Saturday's Banjo Bowl game was sold out. A Blue Bombers spokesperson said 33,234 fans were in attendance.
Fans also enjoyed a longtime tradition at Bombers games — for the first time this season, they were welcomed to a pre-game tailgate party just outside IG Field.
Other fans set up barbecues and lawn chairs in the parking lots and met up with old friends.
Komishon arrived at around 10:30 a.m. Saturday to set up his tailgate party with family.
"Getting together with the Bombers is a great thing," he said. "We use it as a family event. We're going to have over 25 people here; in past years, we've had up to 60."
WATCH | Blue Bombers, Roughriders fans celebrate Banjo Bowl:
'Nothing else like it'
The longtime fan says the Banjo Bowl is special for fans because of the Bombers' longtime rivalry with the Roughriders.
"It's so special because we like to pick on our neighbours from Saskatchewan and have a rivalry going with them, but I think it's just a great excuse to get together with the CFL and your family and friends and support the team that we have," he said.
Another lifelong fan, Adria Mielke — whose grandfather, Hal Ledyard, played for the Bombers in the 1960s — said hating the Riders is in her blood.
"If you're a Bomber fan, you don't like the Riders," she said.
Mielke said the energy inside the stadium in Winnipeg is what makes the Banjo Bowl so memorable.
"It's insane. When you get inside it's seriously ridiculous, there's nothing else like it," she said.

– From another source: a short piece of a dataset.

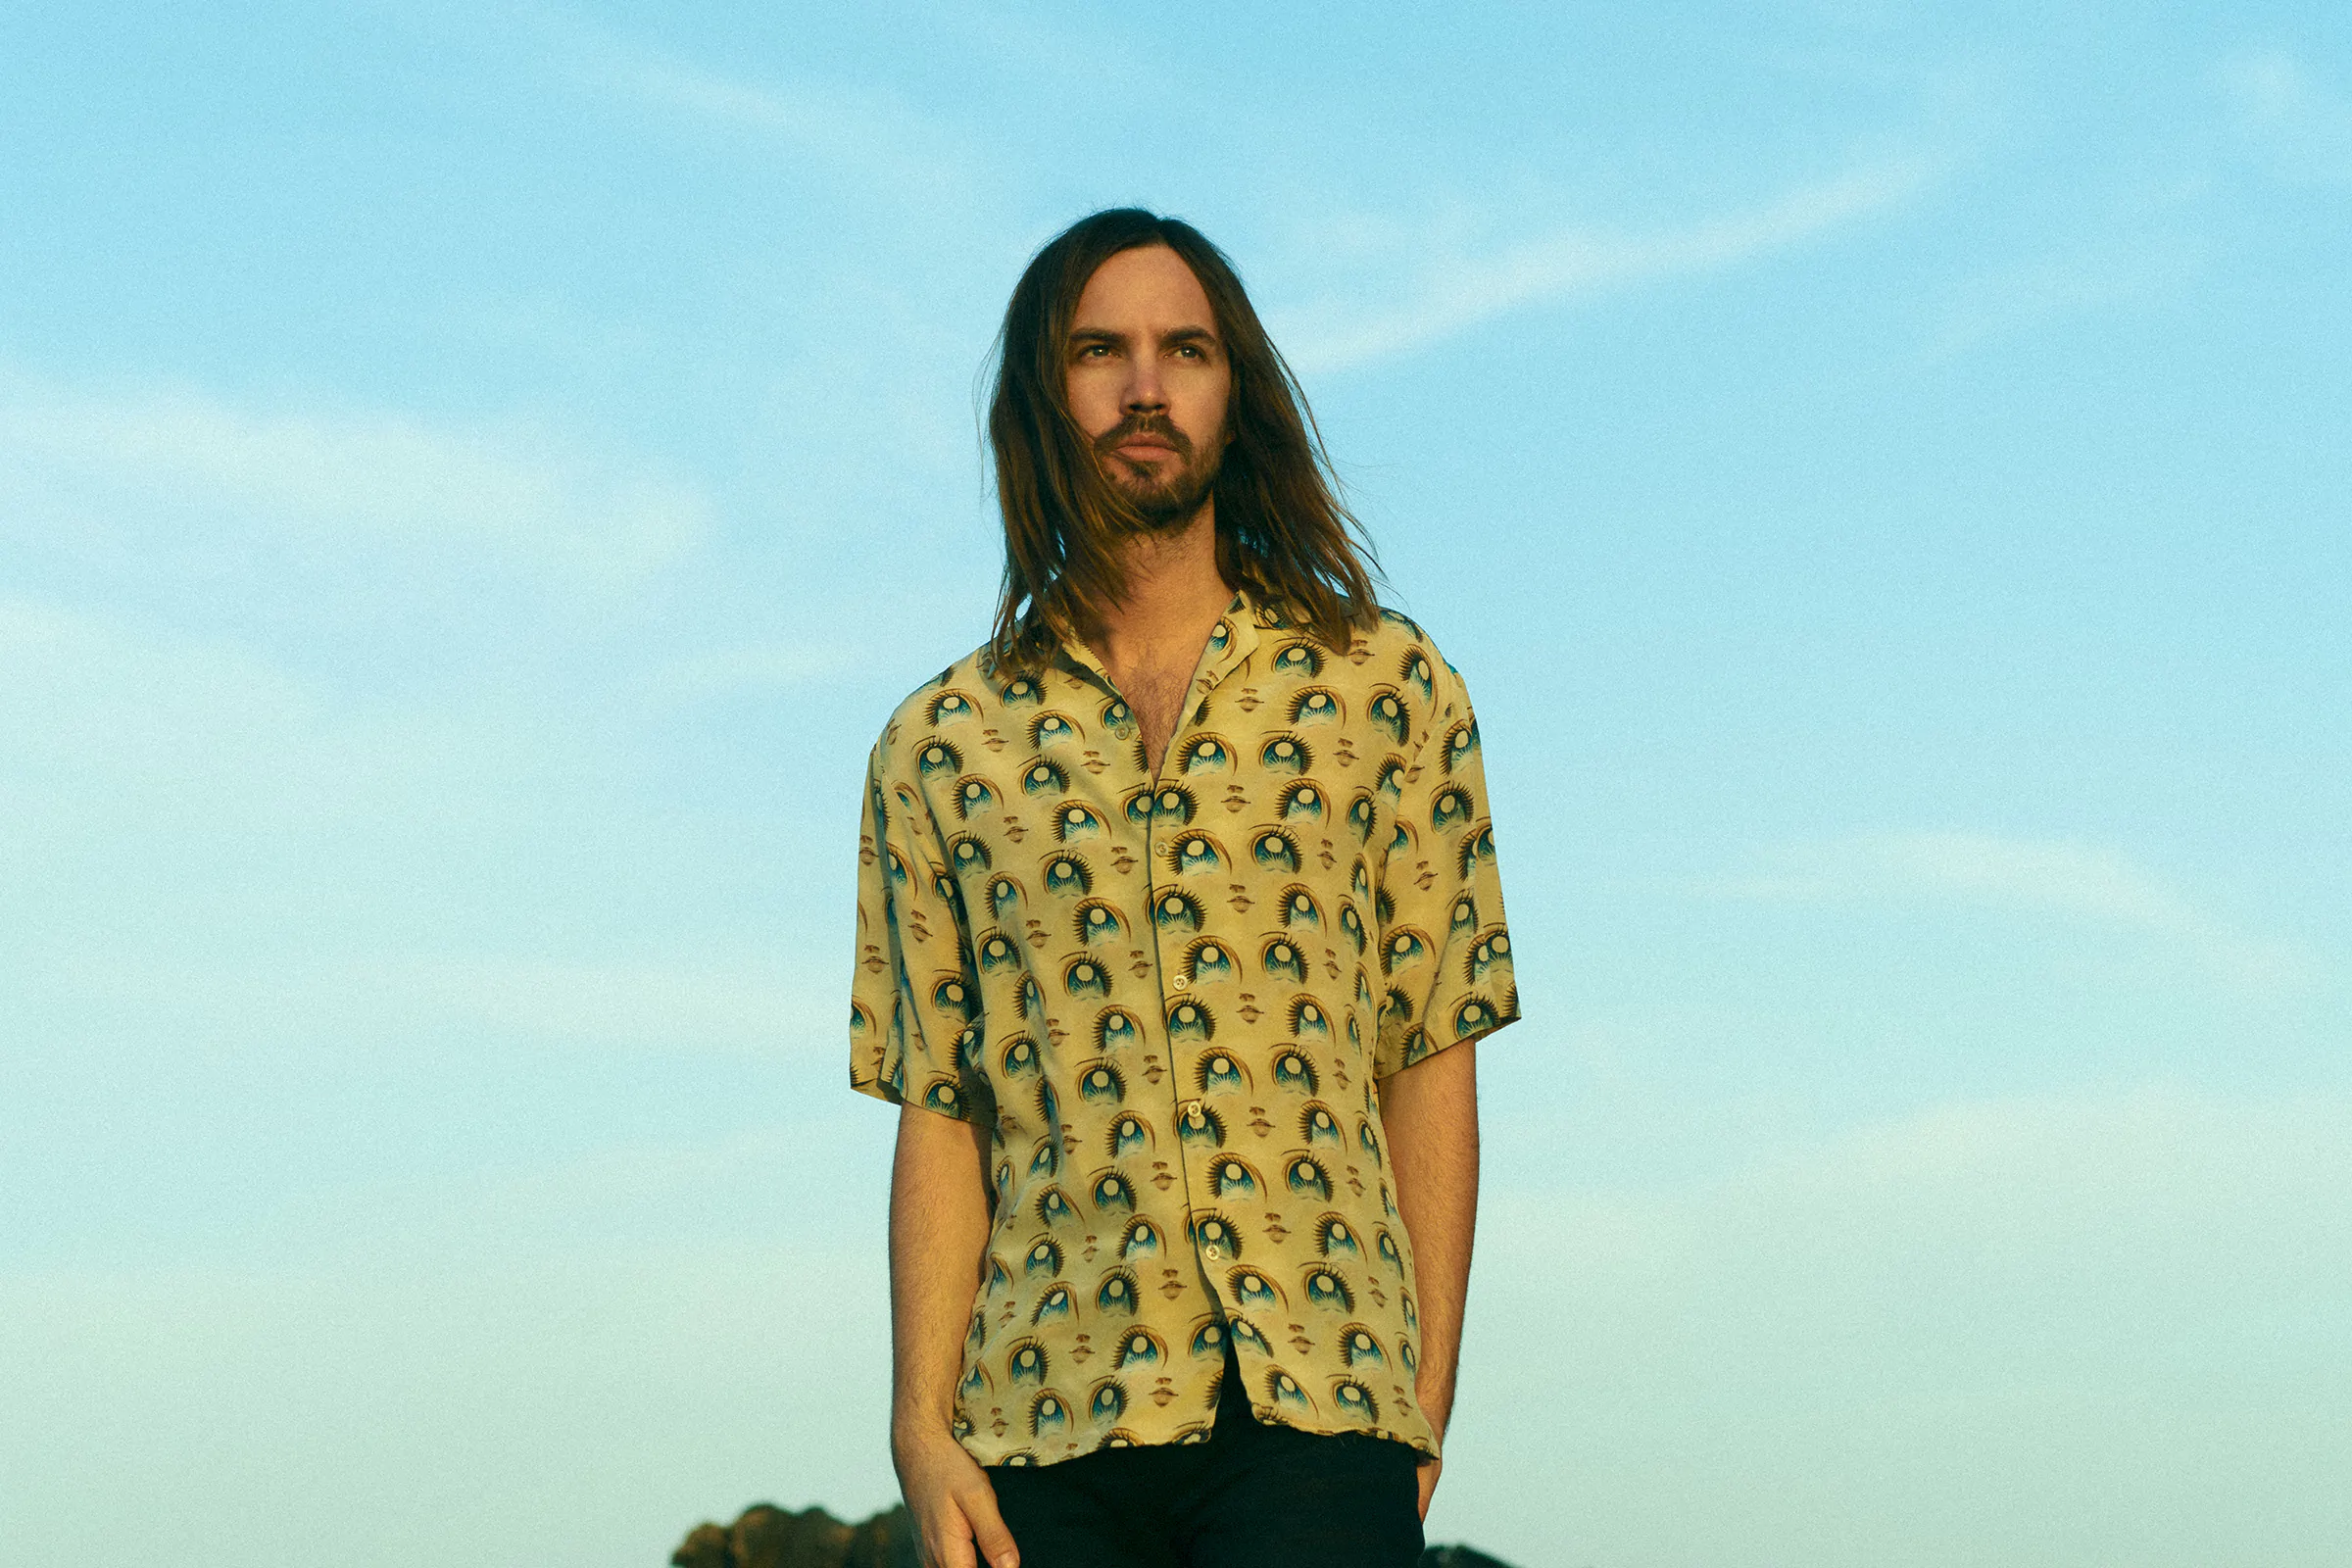 TAME IMPALA shares video for ‘Breathe Deeper’ – Watch Now!
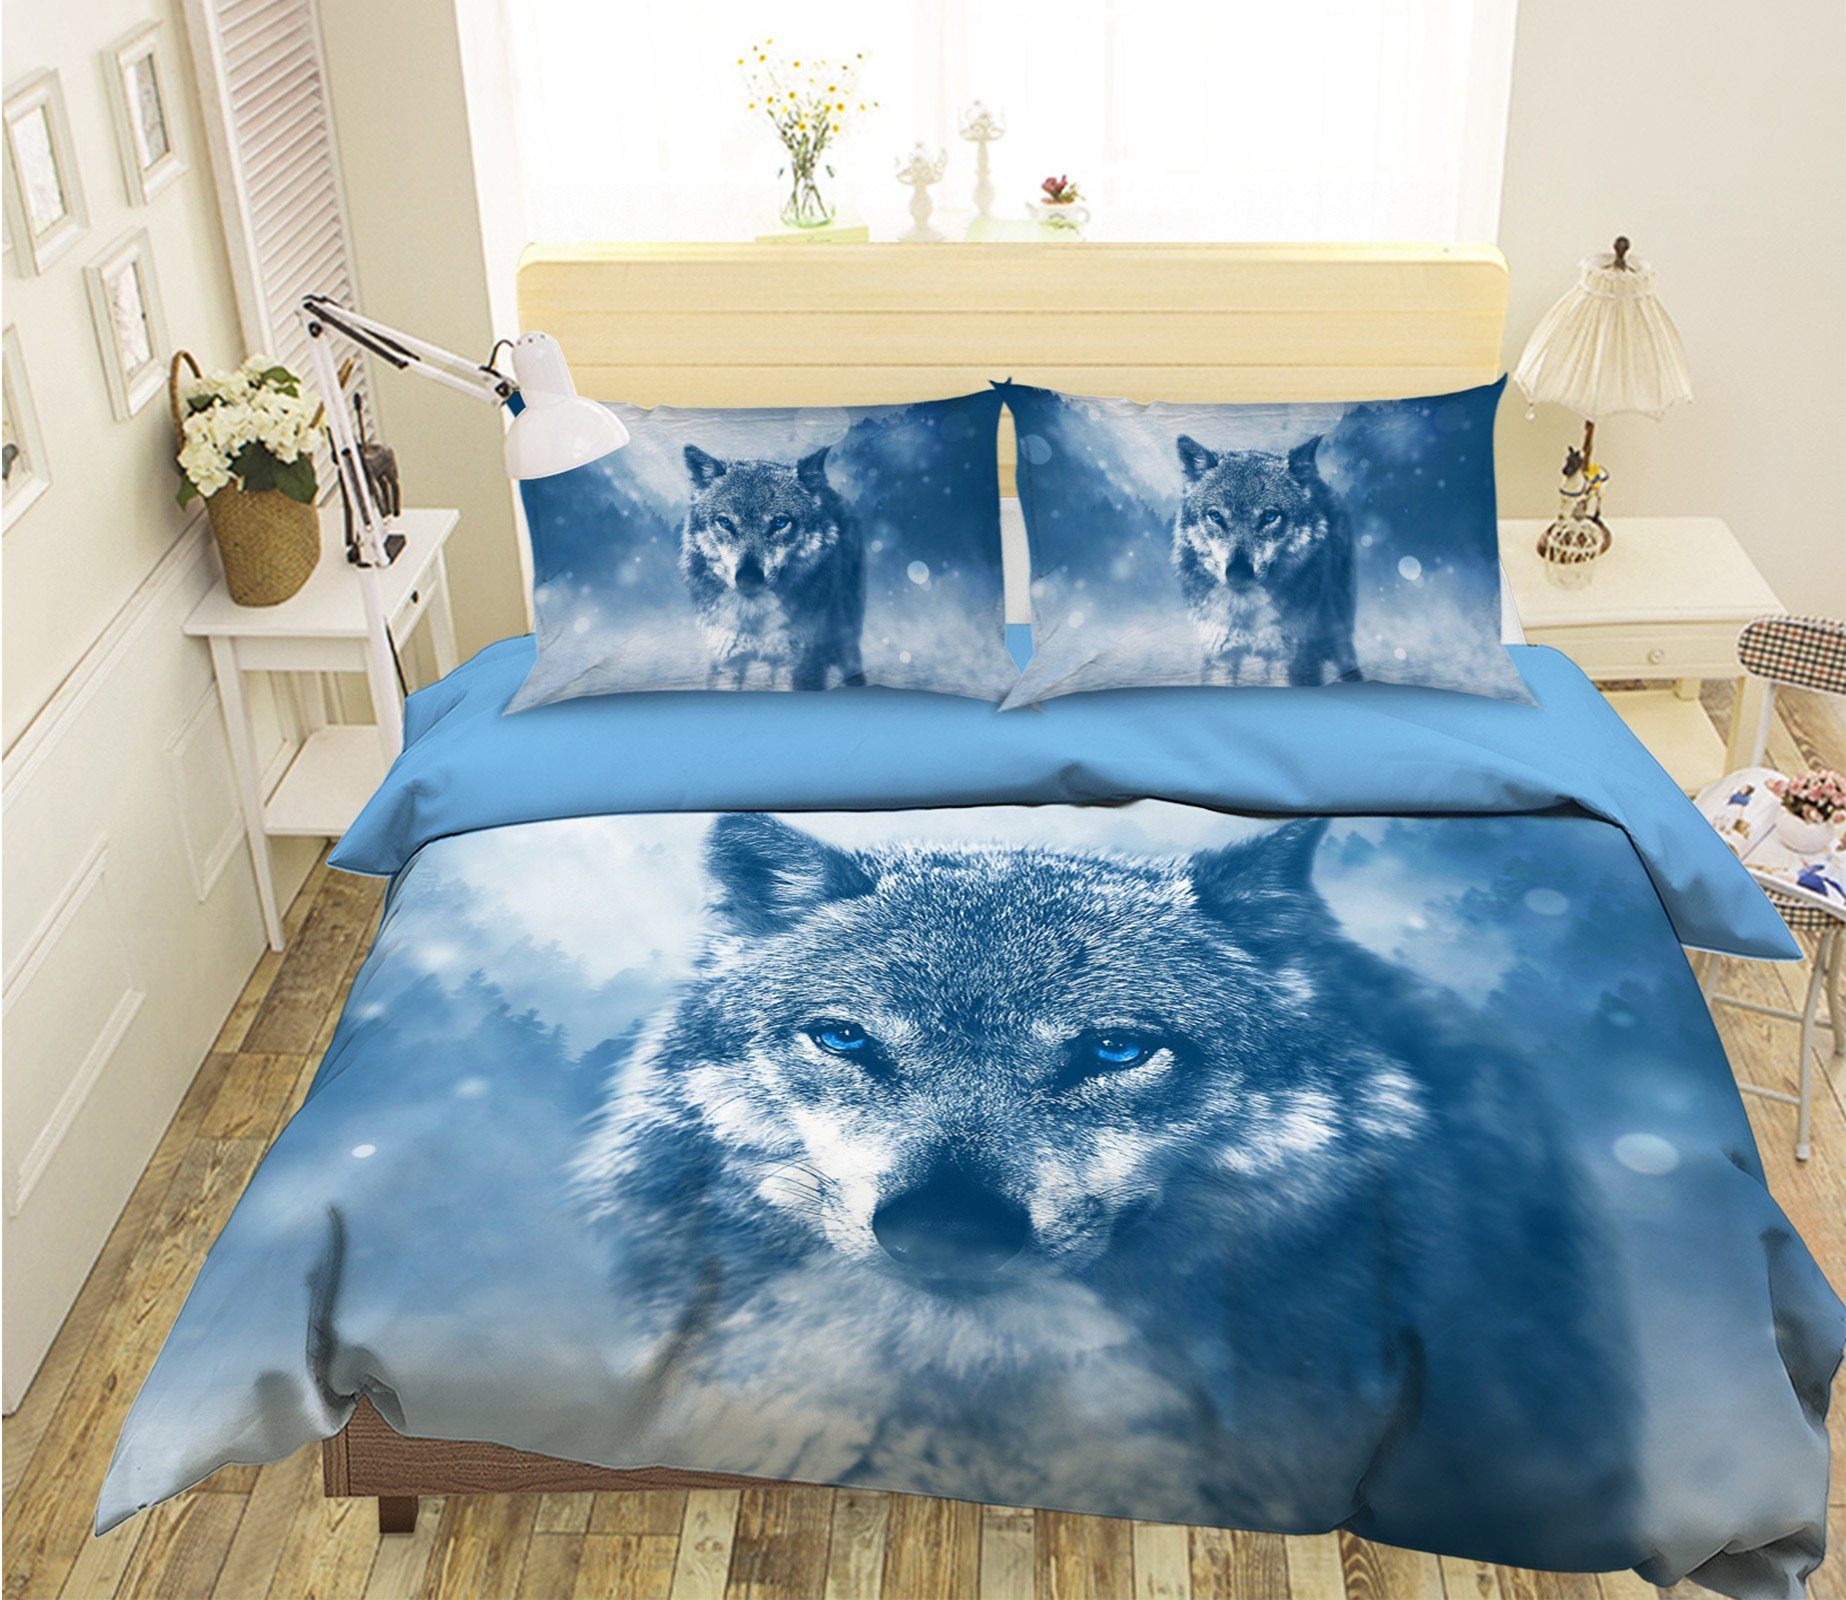 3D Snow Wolf 2011 Bed Pillowcases Quilt Quiet Covers AJ Creativity Home

Her friend Emily Leonard agrees.
"It's straight electricity — you just feel it through your skin and you're excited to be there," said Leonard.
Mielke said that energy was missed last year, when the CFL was on hold.
"It's so awesome to be here, we've been at every home game since [the first game back], and it's just awesome to be there and to watch it live and to be able to just have football back."
'Everyone's spirits are super-high'
Michelle De Groot is also a lifelong Bombers fan. Saturday was her first time tailgating with friends outside the stadium.
"It's unbelievable. There's so many people here, everyone's spirits are super-high," said De Groot.
Saskatoon resident Ward Mudrey was tailgating with friends outside the stadium for what may be their 15th year celebrating the Banjo Bowl. The group goes back so far they can't remember exactly how long it's been.
"It's awesome, the hospitality is great," said Mudrey.
"This is my first trip outside the province [since the start of the pandemic] and it's really fun to come and meet old friends, do the things we used to do, kind of get back to that normalcy."
Mudrey said he's glad the CFL is back up and running, and he doesn't mind that fans need to be double-vaccinated to enter IG Field.
"It's one of the reasons I went and made sure I'm double-vaxxed," said Mudrey. "If that's the only way to attend games, it's what you gotta do."